The Shining Pyramid (collection)/The Martyr
THE MARTYR
All progressive and advanced thinkers must have heard with great regret of the death of Charles Hexton, for so many years editor and director of the Materialist. Hexton was not an old man, and up to a week or two of the end his friends had always spoken of him as the incarnation of health and vigour and energy; they were horrified at the sudden change which took place in a few days; at the terrible emaciation which seemed to transform the "Hearty Hexton" of his Old-street associates with a feeble and tottering invalid. It became known at last that he was unable to take any nourishment, and it was felt that under such circumstances there could be but little hope. He was delirious for some hours before his death, and his niece says that denunciation of clericalism and superstition were oddly mixed with broken phrases about roast beef, potatoes, and bottled beer.
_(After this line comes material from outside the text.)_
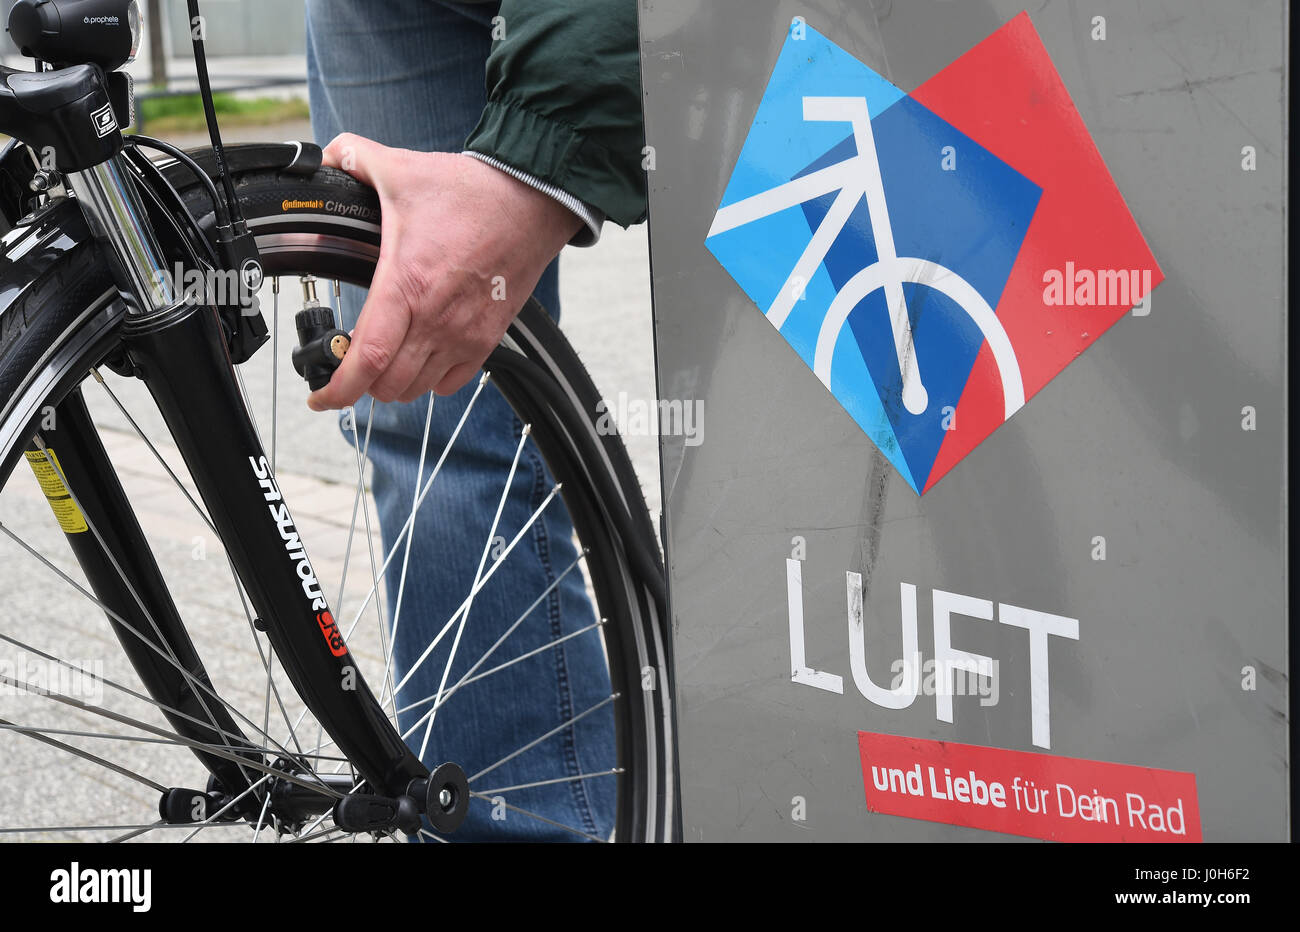 Ein Fahrrad Pumpe "Station" an dem Radfahrer ihre Reifen kostenlos in  Hannover, 12. April 2017 Aufpumpen können. Foto: Holger Hollemann/dpa  Stockfotografie - Alamy

The fact is that Hexton died a martyr to the consistency of his principles. He was always thorough, he never shrank from carrying out his premises to their logical conclusions, however ridiculous the results might seem to minds out of sympathy with his aim; and the last weeks of his life were a crowning testimony to the great cause of which he was a devoted leader. It may be worth while to tell the story of the end of a great career.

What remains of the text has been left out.